With the 2016 Federal Budget came several shake-ups, in particular the changes to contribution limits. With many other changes announced in the budget now passed by Parliament, you can have more certainty when it comes to planning your Self-Managed Super Fund (SMSF). Especially regarding the SMSF contributions you might wish to make to your fund.

The Government is lowering both the concessional (pre-tax) and non-concessional (after-tax) contribution limits as of 1 July 2017.

Knowing this—and with tax time fast approaching—it’d be wise to start getting your financial ducks in a row.

SMSF contribution limits

One of the original proposed measures which received a lot of comment and caused concern, was the $500,000 lifetime non-concessional contributions (after-tax contributions) limit. This proposed measure was dropped and replaced with a $100,000 annual limit on after-tax contributions.

Pre-tax contributions will be limited to $25,000 for all taxpayers, beginning on 1 July 2017. Below is a summary of the changes for both concessional and non-concessional SMSF contributions.

After-tax contributions

The $500,000 lifetime limit has been dropped in favour of a $100,000 annual cap. The rules allow the opportunity to bring forward three years of contributions – making it possible to contribute $300,000 in one year.

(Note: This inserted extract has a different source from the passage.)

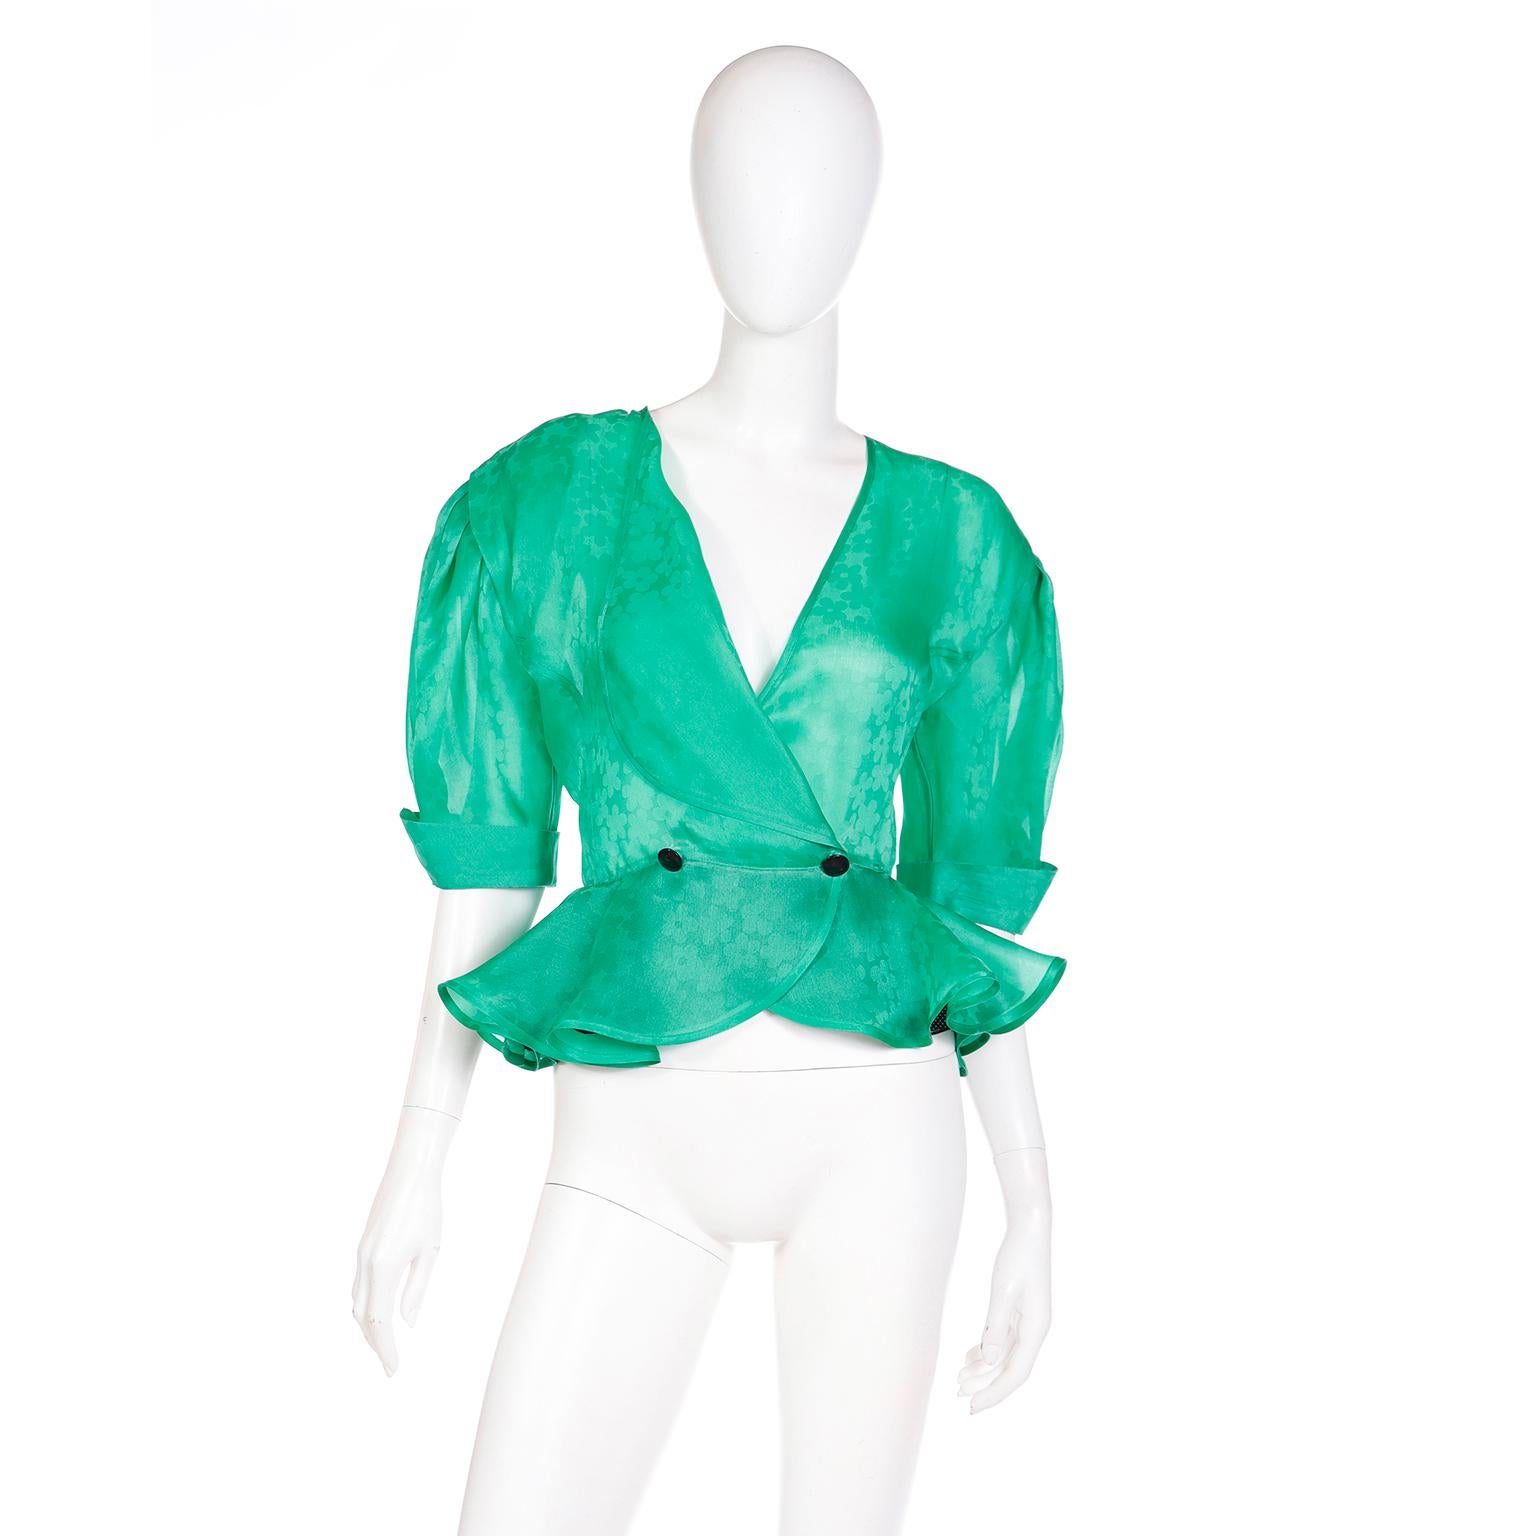 Diese hübsche Vintage-Bluse aus grünem Seidenorganza von Louis Feraud hat einen hübschen gerüschten Schößchensaum und mittellange Ärmel mit umgeschlagenen Manschetten. Diese Bluse aus 100 % Seide ist mit einem farblich abgestimmten Blumenmuster
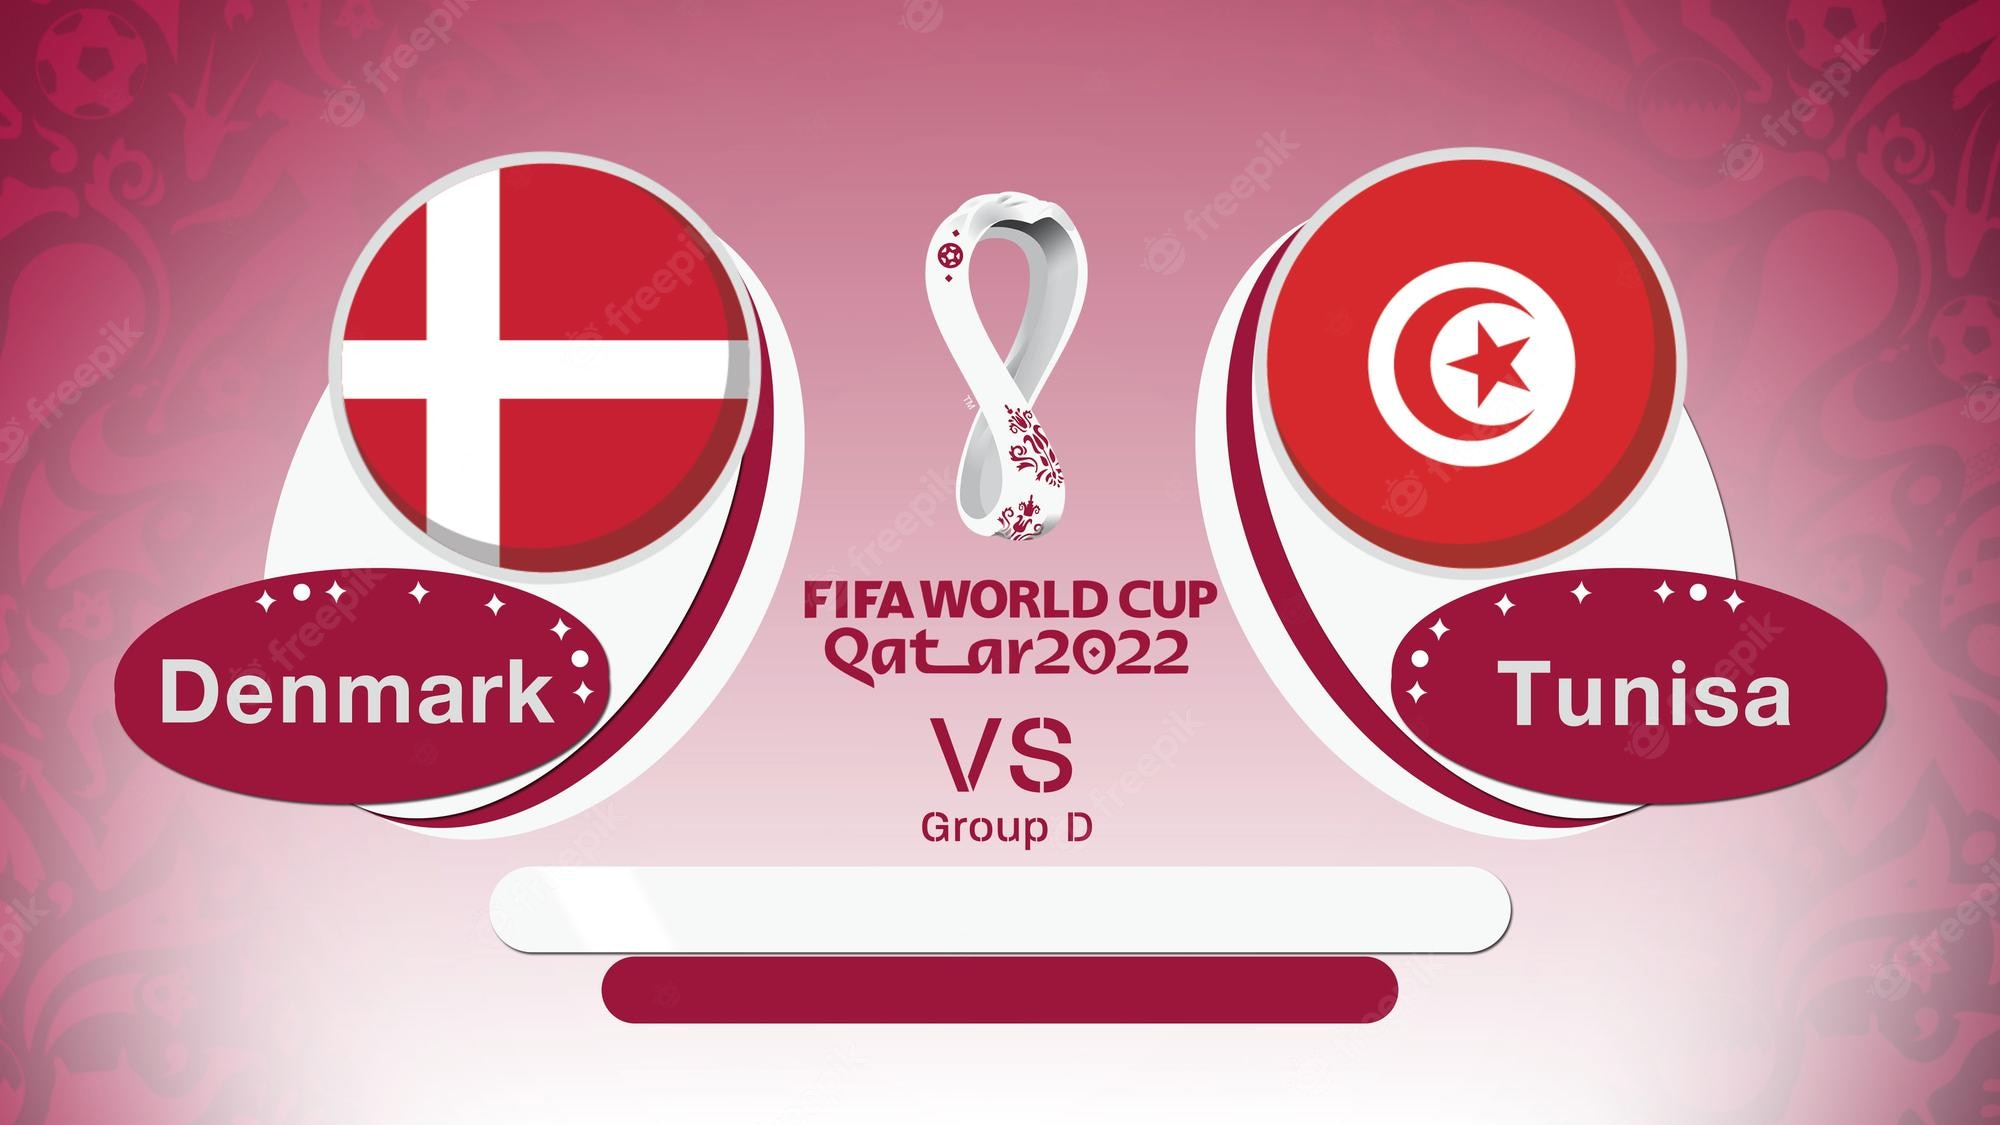 denmark vs tunisia fifa world cup 2022 qatar group d 327072 3067 1

For the 2016/17 year, it is still possible to make a contribution of up to $180,000 for one year, or to bring forward three years’ contributions – so you are able to make a contribution of up to $540,000. If you do not use this full limit of $180,000 or $540,000 in the 2016/17 year, then you will be limited to the $100,000 annual, and $300,000 bring-forward caps for future years.

Where the bring-forward of contributions has been triggered before 1 July 2017, transitional contribution caps may apply. If you have a balance of $1.6m or more in your SMSF at 1/7/2017, then you will not be able to make further after-tax contributions.

When approaching the $1.6m cap, care will need to be taken with the bring-forward rules, as these are restricted by the new $1.6 million balance restriction.

Pre-tax contributions

The concessional contributions cap is lowered to $25,000 per year for all taxpayers as of 1 July 2017. Taxpayers who were aged 49 or over on 30 June 2016 can make up to $35,000 in pre-tax contributions in 2016/17. Those aged under 49 on 30 June 2016 can make up to 30,000 in pre-tax contributions in 2016/17.

Some of these changes may require you to adjust your SMSF contributions strategies going forward. This will most likely be the case if you have a superannuation balance of over or close to $1.6 million, or were planning on making contributions to superannuation in the next few years that exceed these new limits.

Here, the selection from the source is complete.